City planners presented a 60% design update Nov. 5 for Madison’s North–South Bus Rapid Transit route, describing station relocations, removal of one center‑running bus lane where cost or geometry made it impractical, and refinements on Park Street intended to preserve both BRT quality and short‑term parking for small businesses.
Liz Callan, principal transportation planner, said the design work moves the project closer to a consistent set of station locations and operational assumptions. The most notable changes include serving lower‑ridership portions of the Troy Drive loop with local bus stops rather than full BRT platforms, routing adjustments to accommodate future connections to other rapid routes, relocating a Packers‑area station to enhance pedestrian safety (from Packers & Elka to Packers & Manly), and changing a proposed center‑running alignment in Fitchburg to side‑running lanes where that minimizes intersection impacts and cost.
Park Street drew substantial public attention. Staff reported they are exploring a hybrid approach to preserve BRT running ways while allowing limited, off‑peak parking and loading lanes in segments where small businesses lack off‑street parking. The design also proposes consolidation of some left turns on South Park Street to reduce conflict points and improve safety; in specific cases staff adjusted earlier plans to retain the northbound left at Vilas after hearing concerns from a local hospital and stakeholders.

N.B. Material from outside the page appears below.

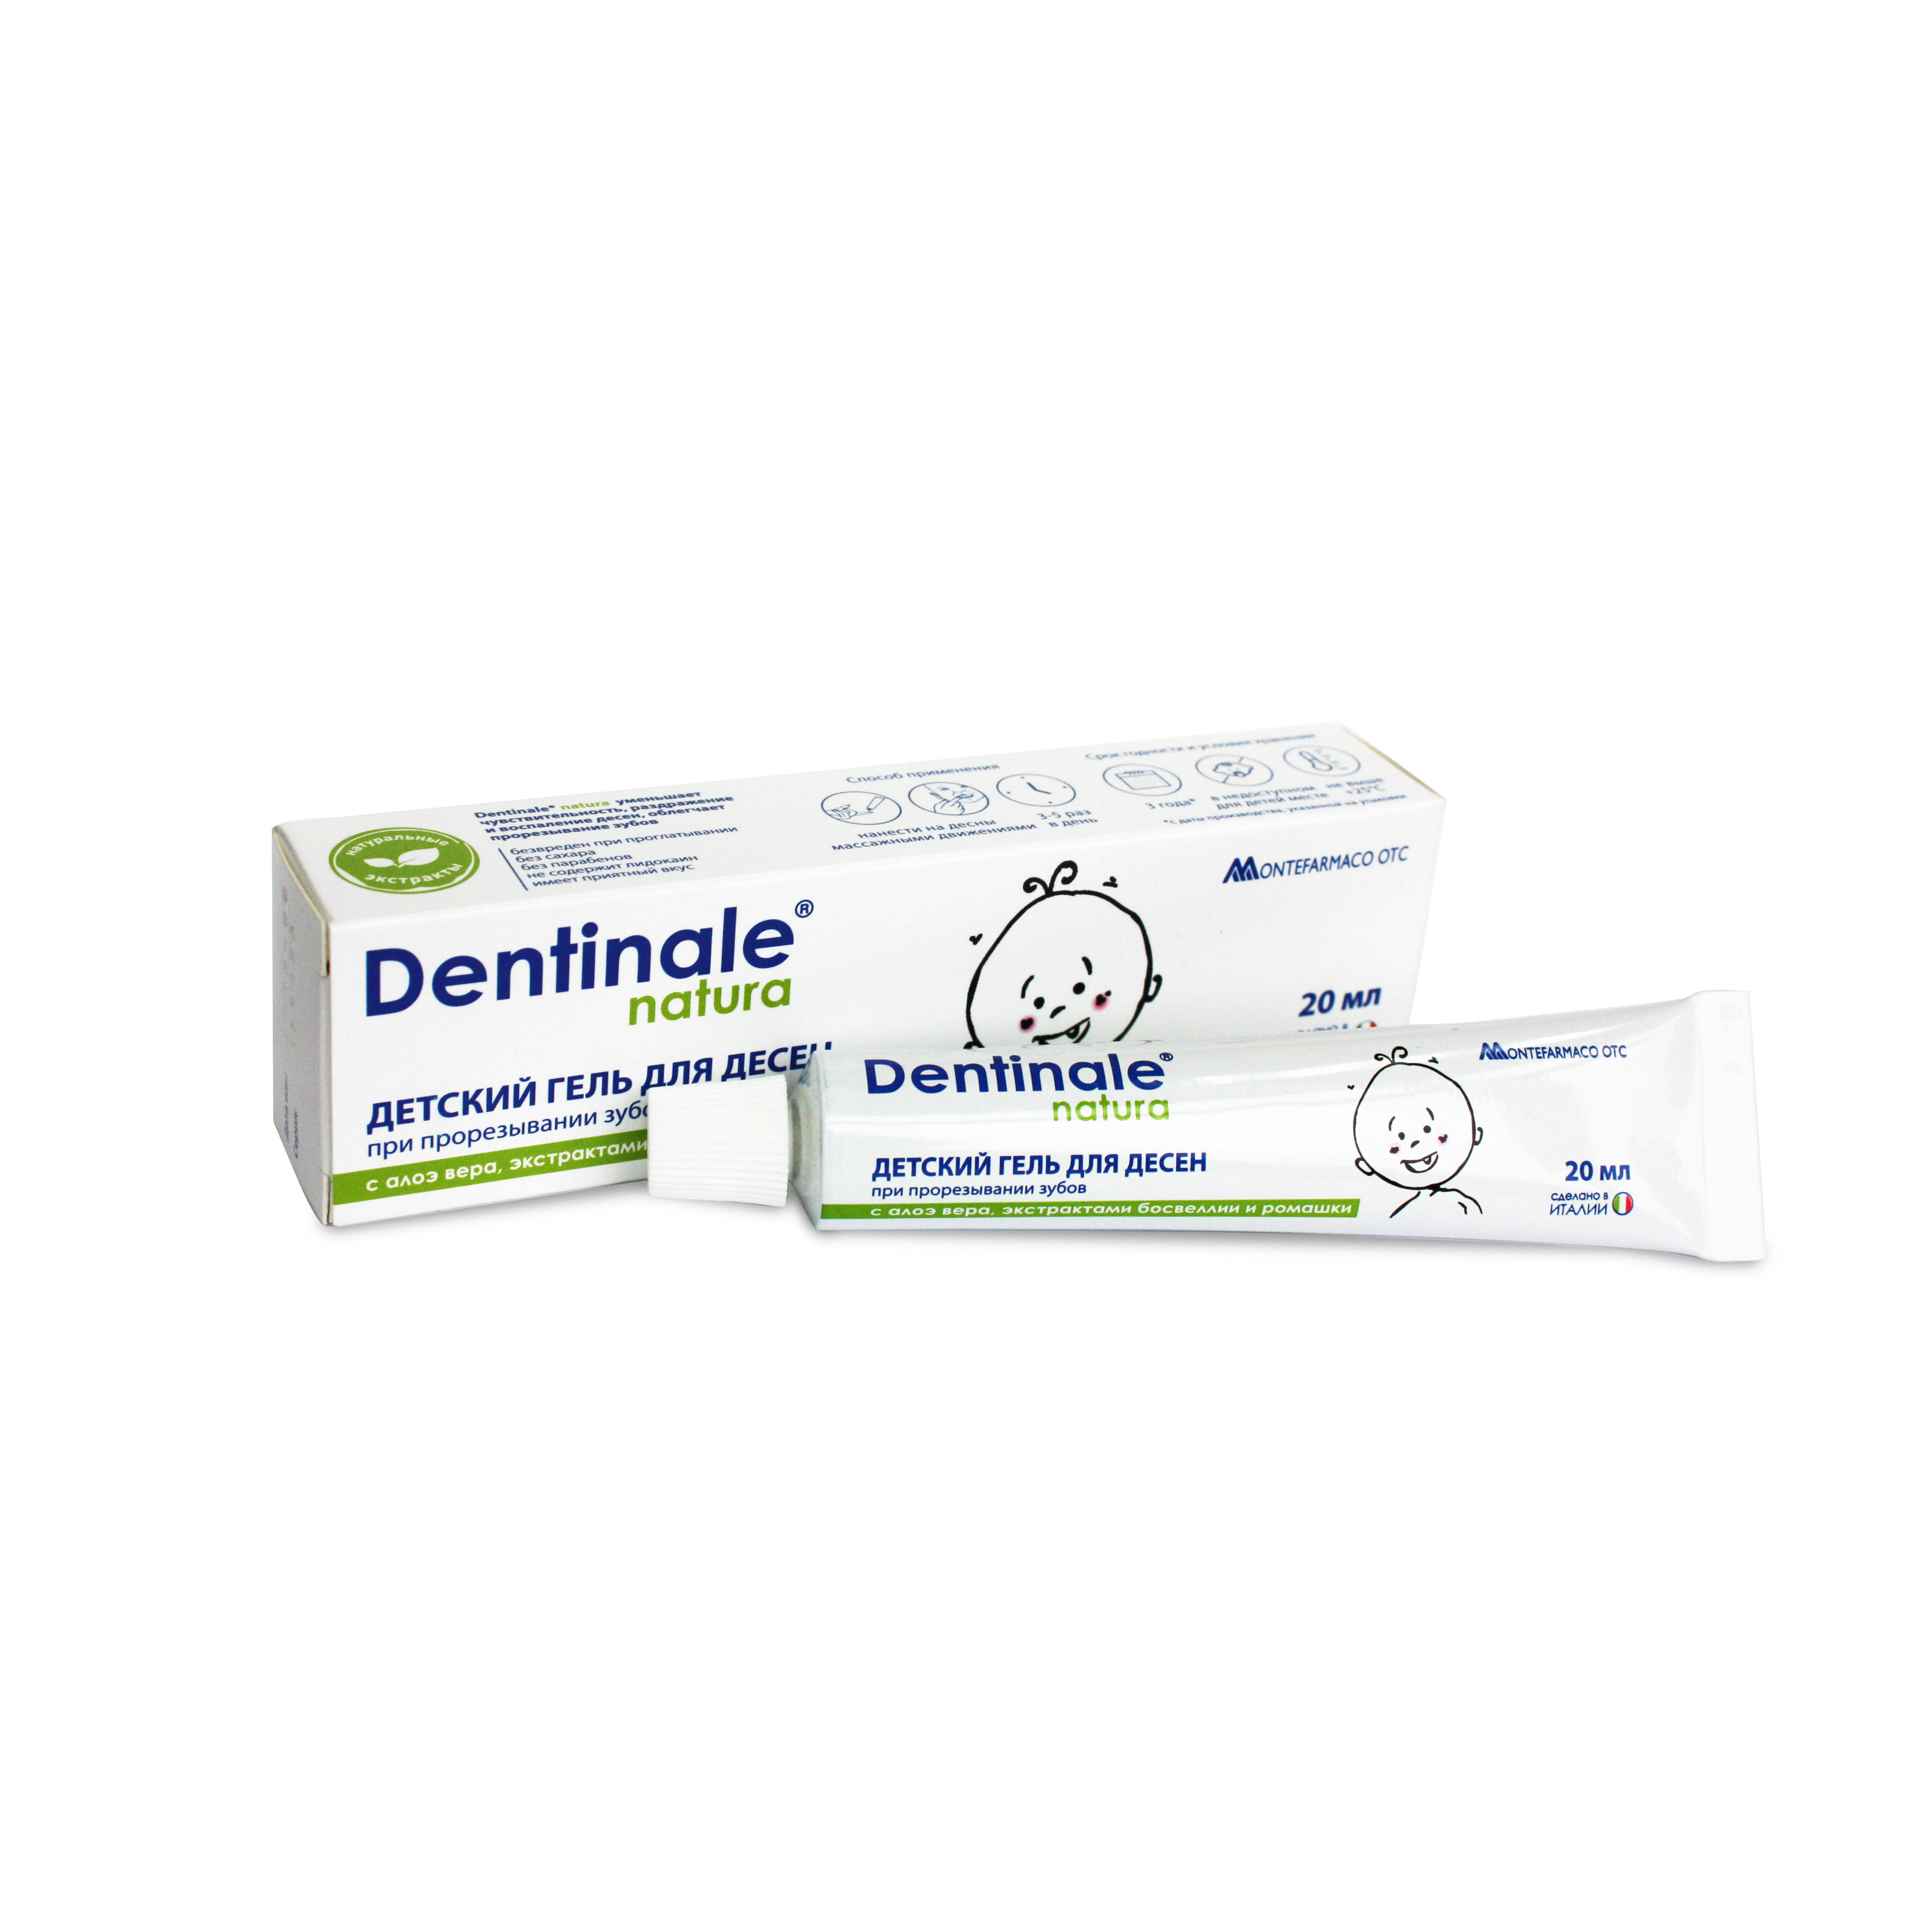 Дентинале натура гель для десен детский при прорезывании зубов туба 20мл
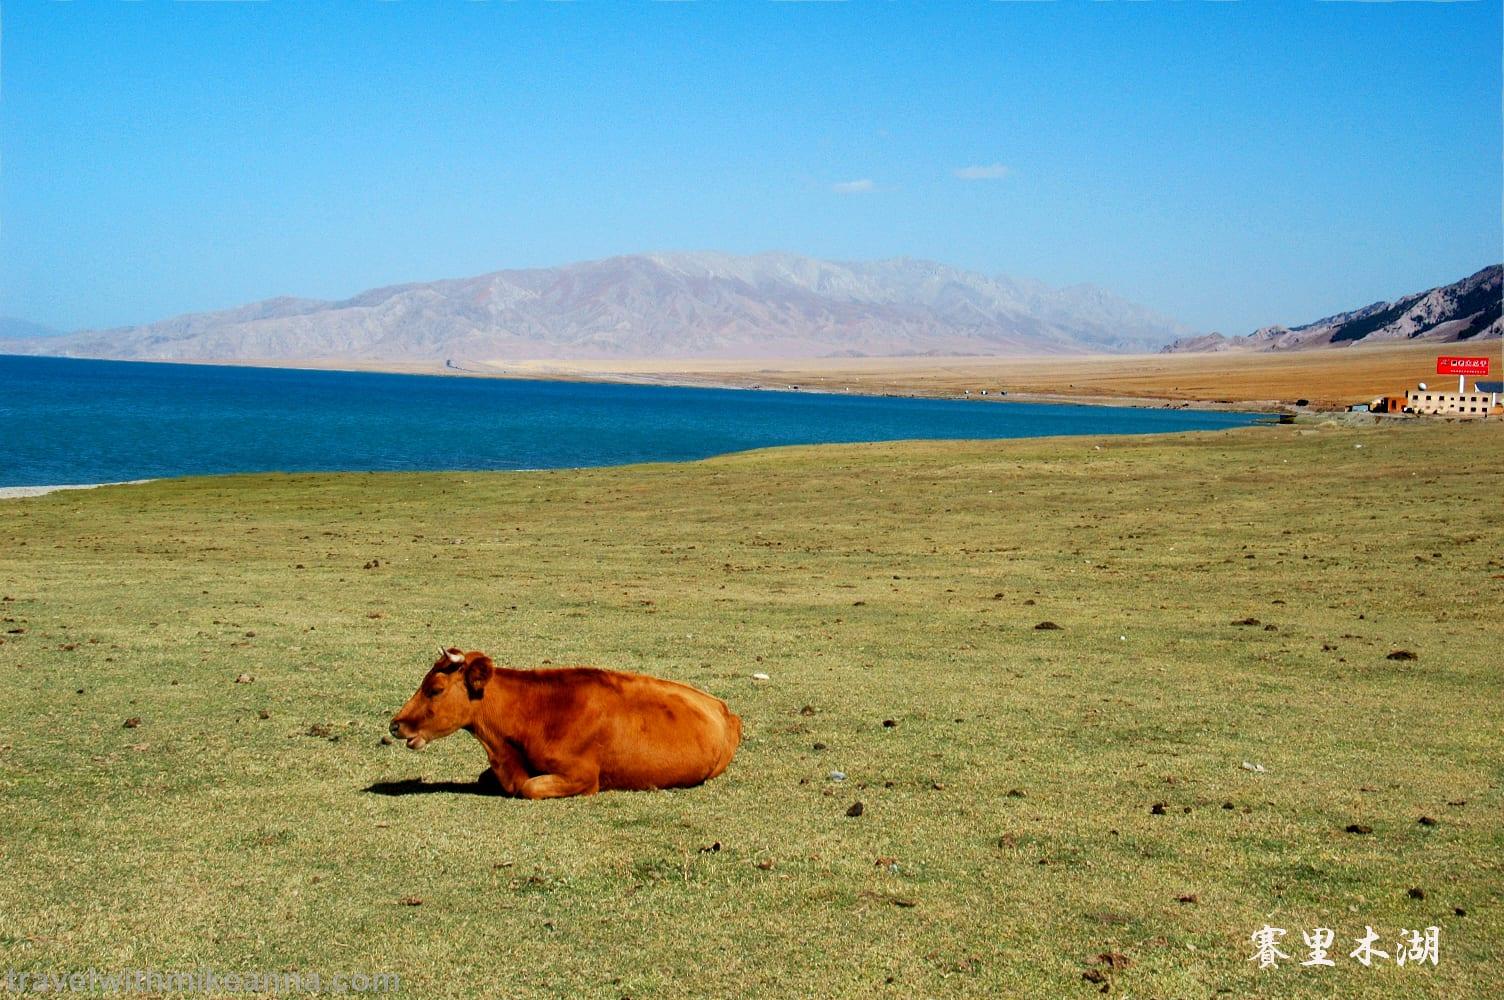 賽里木湖 中國 新疆 北疆 旅遊 攝影 照片 遊記 china xinjiang photo photography travel

Several Park Street business owners told the commission that small, family‑owned shops rely on on‑street parking immediately in front of their storefronts and asked staff to avoid net parking loss. Commissioner and community commenters asked staff to continue outreach and to consider small, local mitigations (short‑term loading zones or 15‑minute customer parking) where business models depend on curb access.
Liz said federal funding remains in process; environmental documentation is under review and a final grant decision will depend on the federal process and completion of later design milestones. Staff said they will submit the modest design changes as an amendment to the locally preferred alternative and continue coordination with property owners, emergency services and WisDOT on the remaining design refinements.
What’s next: complete 60% design, incorporate local feedback on Park Street parking and left turns, finalize environmental documentation, and pursue federal grant steps toward 90% design.